Na dotychczasowych fishah podczas obiadu statek zawsze był na cumach, można było spokojnie zjeść i dalej podziwiać widoki niczego nie tracąc a tu . W dodatku wogle nie podawali nic do picia, nawet do obiadu. Obsługa odsyłała do baru po napoje, oczywiście za dodatkowe kuny. Nie było też przerw na skoki do wody.
Koszt po targu z naganiaczem na kempie 300 kun/os z transferem busikiem z Premantury i spowrotem. Bus wliczony w cenę, na nabrzeżu przed statkiem wycieczka kosztowała 310 kun.

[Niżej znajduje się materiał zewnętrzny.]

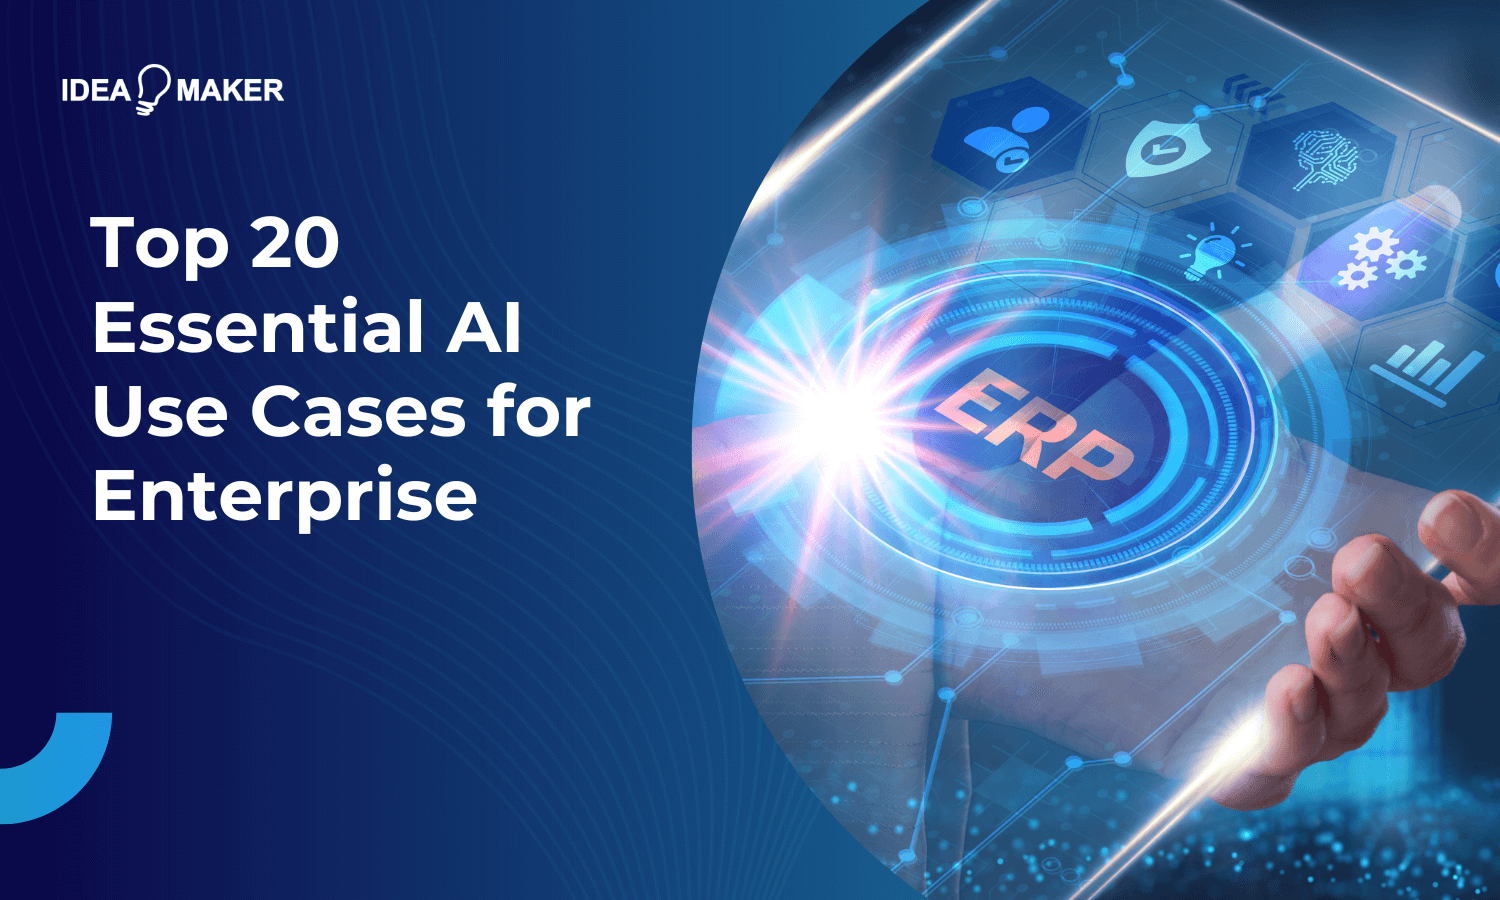 Idea Maker - Top 20 Essential AI Use Cases for Enterprise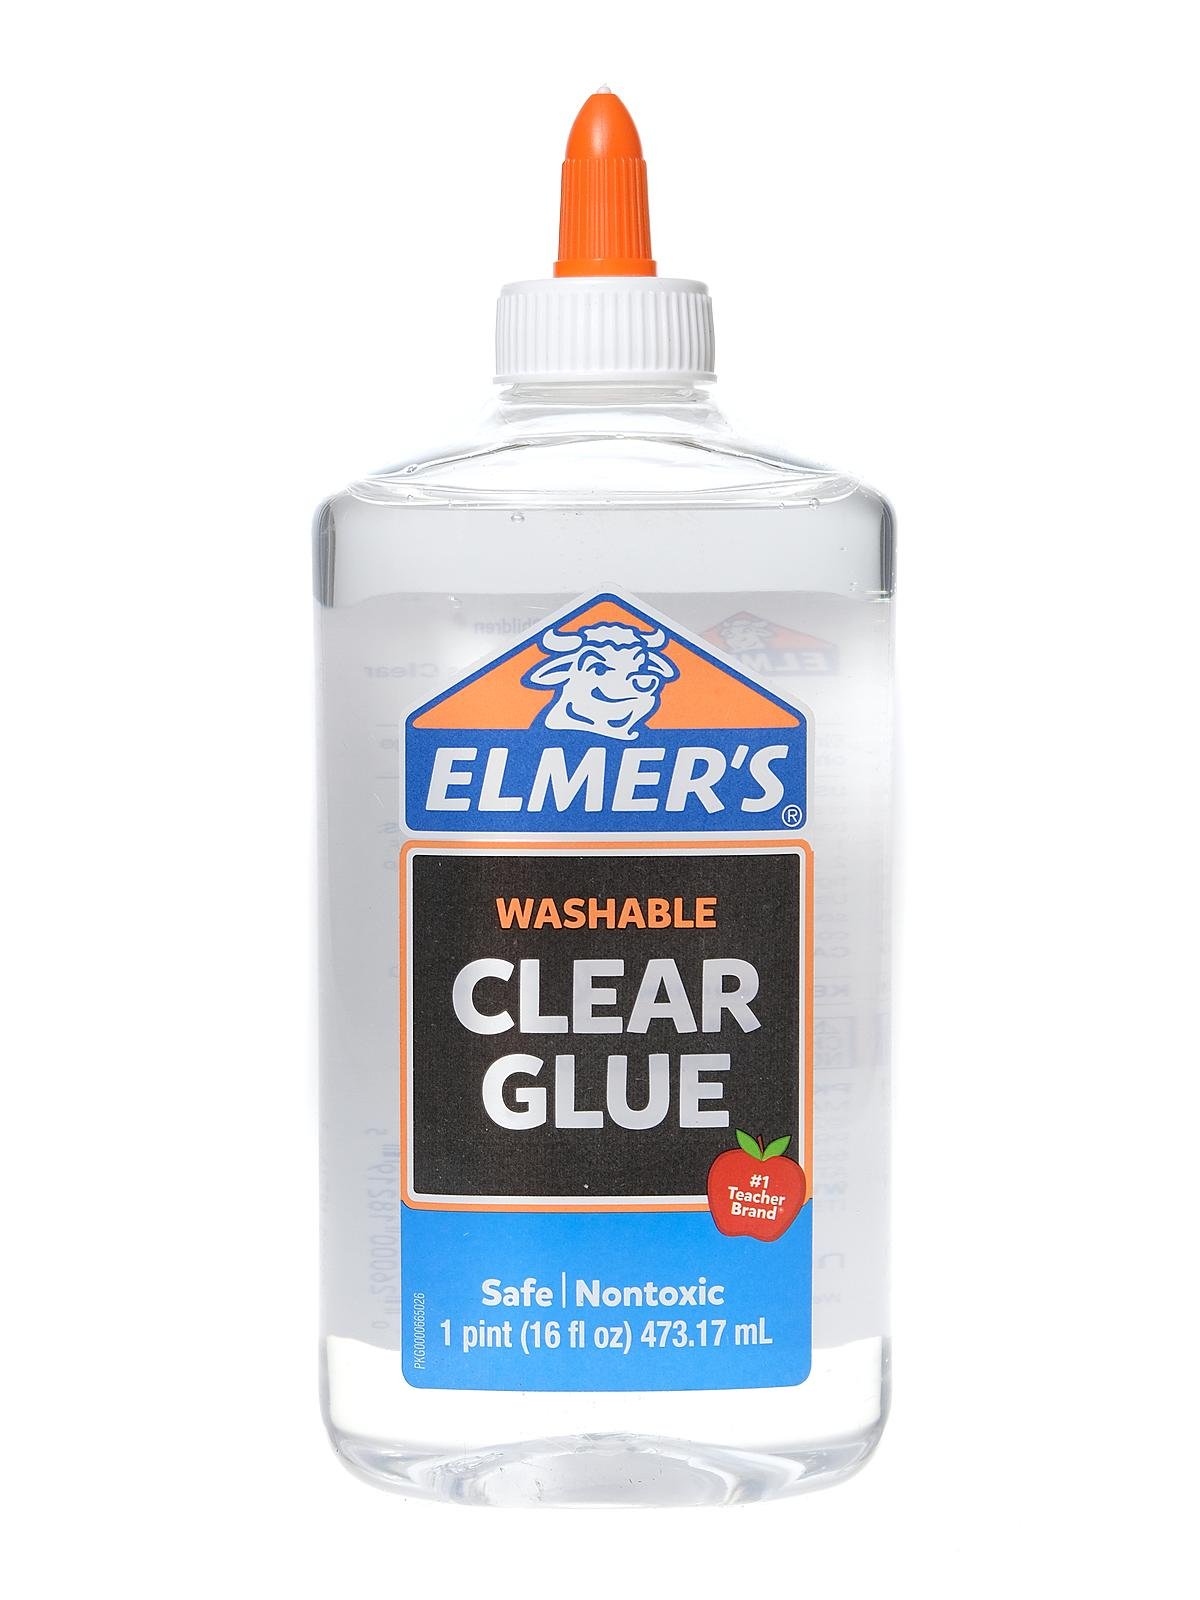  Elmers E301 Washable School Glue

alladyndelscorcho napisał(a):... Nad Kanałem Limskim również zatrzymamy się jeszcze raz nieco później, chyba w drodze do Motovunu. Jest tam taki mały parking z suwenirami (oliwa, rakija itp) i pięknymi widokami na kanał. Zastanawiałem się czy gdybym idąc od "Groty Piratów" wszedł na samą górę to nie doszedł bym właśnie na ten parking
Też odwiedziliśmy Kanał z lądu i na tych straganach wydawaliśmy ostatnie kuny na trufle i oliwę w ładnych butlach Od groty to kawał drogi jakieś 6 km na prawo.